*** Begin section ***
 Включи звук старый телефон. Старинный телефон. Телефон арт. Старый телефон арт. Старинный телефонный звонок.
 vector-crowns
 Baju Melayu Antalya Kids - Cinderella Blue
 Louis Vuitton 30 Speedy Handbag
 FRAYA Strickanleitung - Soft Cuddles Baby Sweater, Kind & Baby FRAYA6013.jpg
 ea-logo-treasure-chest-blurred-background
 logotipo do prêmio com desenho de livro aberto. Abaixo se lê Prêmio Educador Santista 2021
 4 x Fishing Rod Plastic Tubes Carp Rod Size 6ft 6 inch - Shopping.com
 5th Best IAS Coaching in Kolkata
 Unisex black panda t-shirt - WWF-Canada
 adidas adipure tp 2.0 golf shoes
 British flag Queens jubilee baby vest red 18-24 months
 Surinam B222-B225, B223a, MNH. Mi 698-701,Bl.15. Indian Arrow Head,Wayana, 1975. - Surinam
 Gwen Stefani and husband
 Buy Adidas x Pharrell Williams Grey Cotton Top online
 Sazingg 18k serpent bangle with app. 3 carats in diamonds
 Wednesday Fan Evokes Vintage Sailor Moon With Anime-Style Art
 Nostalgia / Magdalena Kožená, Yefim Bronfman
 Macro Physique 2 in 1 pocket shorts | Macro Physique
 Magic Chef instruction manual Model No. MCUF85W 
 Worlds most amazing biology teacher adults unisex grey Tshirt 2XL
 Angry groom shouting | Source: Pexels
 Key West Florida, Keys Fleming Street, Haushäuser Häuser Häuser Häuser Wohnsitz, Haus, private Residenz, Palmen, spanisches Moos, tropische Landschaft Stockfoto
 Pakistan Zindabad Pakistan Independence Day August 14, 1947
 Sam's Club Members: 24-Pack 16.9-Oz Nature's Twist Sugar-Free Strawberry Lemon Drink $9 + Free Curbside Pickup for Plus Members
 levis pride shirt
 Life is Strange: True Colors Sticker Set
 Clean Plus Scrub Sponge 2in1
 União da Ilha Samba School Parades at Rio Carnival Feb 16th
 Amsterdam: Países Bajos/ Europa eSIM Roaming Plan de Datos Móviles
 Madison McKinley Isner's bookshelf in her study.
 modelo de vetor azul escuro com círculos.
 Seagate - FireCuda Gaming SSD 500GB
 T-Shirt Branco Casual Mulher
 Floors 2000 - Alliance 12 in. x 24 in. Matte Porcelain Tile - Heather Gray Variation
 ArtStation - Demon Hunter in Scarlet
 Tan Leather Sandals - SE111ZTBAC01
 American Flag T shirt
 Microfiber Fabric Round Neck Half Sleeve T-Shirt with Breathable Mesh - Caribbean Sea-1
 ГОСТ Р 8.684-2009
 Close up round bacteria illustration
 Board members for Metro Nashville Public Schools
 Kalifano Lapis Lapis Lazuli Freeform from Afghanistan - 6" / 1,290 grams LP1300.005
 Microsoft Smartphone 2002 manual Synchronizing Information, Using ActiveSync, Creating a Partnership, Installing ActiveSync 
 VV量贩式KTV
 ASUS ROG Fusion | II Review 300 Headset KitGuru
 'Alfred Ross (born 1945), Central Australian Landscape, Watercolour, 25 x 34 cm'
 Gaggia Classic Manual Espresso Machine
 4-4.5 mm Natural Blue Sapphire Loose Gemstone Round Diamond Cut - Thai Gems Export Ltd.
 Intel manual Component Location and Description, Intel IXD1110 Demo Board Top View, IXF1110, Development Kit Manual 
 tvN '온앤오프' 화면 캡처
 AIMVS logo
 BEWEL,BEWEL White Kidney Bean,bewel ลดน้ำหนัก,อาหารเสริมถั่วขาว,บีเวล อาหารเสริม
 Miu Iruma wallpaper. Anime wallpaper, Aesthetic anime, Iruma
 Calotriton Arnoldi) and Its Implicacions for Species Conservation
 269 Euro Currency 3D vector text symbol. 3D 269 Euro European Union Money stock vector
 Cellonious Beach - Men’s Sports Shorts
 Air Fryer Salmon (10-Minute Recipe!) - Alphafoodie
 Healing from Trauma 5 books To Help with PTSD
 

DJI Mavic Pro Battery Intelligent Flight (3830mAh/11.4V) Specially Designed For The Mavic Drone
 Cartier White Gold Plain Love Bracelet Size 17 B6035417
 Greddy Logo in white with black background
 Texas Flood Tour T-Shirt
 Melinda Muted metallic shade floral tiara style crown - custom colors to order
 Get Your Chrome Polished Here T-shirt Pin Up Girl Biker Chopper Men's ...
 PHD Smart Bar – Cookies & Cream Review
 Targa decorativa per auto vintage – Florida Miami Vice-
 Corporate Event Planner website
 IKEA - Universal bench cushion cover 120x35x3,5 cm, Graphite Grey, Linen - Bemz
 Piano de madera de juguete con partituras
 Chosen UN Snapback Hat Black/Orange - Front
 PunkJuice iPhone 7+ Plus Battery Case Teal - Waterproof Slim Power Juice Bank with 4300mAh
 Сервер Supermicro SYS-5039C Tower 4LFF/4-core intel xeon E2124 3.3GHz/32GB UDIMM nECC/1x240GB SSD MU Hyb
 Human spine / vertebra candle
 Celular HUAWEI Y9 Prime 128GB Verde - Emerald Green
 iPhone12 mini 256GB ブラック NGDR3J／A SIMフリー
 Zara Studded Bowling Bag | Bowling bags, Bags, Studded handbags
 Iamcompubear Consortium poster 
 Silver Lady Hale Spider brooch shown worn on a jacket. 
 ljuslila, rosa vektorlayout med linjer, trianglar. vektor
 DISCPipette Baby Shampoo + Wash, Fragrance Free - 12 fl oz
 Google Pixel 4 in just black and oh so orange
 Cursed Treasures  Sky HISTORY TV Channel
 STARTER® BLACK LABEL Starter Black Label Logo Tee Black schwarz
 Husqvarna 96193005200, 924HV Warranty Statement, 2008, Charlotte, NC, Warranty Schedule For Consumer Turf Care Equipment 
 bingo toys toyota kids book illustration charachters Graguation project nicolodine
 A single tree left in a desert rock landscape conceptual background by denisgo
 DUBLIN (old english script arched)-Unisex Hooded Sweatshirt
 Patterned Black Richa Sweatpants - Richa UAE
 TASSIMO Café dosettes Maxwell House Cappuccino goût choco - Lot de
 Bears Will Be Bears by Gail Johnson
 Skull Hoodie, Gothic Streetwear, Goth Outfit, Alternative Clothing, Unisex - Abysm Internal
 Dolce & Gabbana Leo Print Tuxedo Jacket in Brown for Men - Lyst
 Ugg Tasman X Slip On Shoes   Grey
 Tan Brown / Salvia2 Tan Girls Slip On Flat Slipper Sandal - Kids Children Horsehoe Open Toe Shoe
*** End section ***
## What to do:
Starting at the line with "Madison McKinley Isner's" and ending at the line with "Get Your Chrome", print each line of the listing above exactly, with no other lines.

## Output of the exercise:
 Madison McKinley Isner's bookshelf in her study.
 modelo de vetor azul escuro com círculos.
 Seagate - FireCuda Gaming SSD 500GB
 T-Shirt Branco Casual Mulher
 Floors 2000 - Alliance 12 in. x 24 in. Matte Porcelain Tile - Heather Gray Variation
 ArtStation - Demon Hunter in Scarlet
 Tan Leather Sandals - SE111ZTBAC01
 American Flag T shirt
 Microfiber Fabric Round Neck Half Sleeve T-Shirt with Breathable Mesh - Caribbean Sea-1
 ГОСТ Р 8.684-2009
 Close up round bacteria illustration
 Board members for Metro Nashville Public Schools
 Kalifano Lapis Lapis Lazuli Freeform from Afghanistan - 6" / 1,290 grams LP1300.005
 Microsoft Smartphone 2002 manual Synchronizing Information, Using ActiveSync, Creating a Partnership, Installing ActiveSync 
 VV量贩式KTV
 ASUS ROG Fusion | II Review 300 Headset KitGuru
 'Alfred Ross (born 1945), Central Australian Landscape, Watercolour, 25 x 34 cm'
 Gaggia Classic Manual Espresso Machine
 4-4.5 mm Natural Blue Sapphire Loose Gemstone Round Diamond Cut - Thai Gems Export Ltd.
 Intel manual Component Location and Description, Intel IXD1110 Demo Board Top View, IXF1110, Development Kit Manual 
 tvN '온앤오프' 화면 캡처
 AIMVS logo
 BEWEL,BEWEL White Kidney Bean,bewel ลดน้ำหนัก,อาหารเสริมถั่วขาว,บีเวล อาหารเสริม
 Miu Iruma wallpaper. Anime wallpaper, Aesthetic anime, Iruma
 Calotriton Arnoldi) and Its Implicacions for Species Conservation
 269 Euro Currency 3D vector text symbol. 3D 269 Euro European Union Money stock vector
 Cellonious Beach - Men’s Sports Shorts
 Air Fryer Salmon (10-Minute Recipe!) - Alphafoodie
 Healing from Trauma 5 books To Help with PTSD
 

DJI Mavic Pro Battery Intelligent Flight (3830mAh/11.4V) Specially Designed For The Mavic Drone
 Cartier White Gold Plain Love Bracelet Size 17 B6035417
 Greddy Logo in white with black background
 Texas Flood Tour T-Shirt
 Melinda Muted metallic shade floral tiara style crown - custom colors to order
 Get Your Chrome Polished Here T-shirt Pin Up Girl Biker Chopper Men's ...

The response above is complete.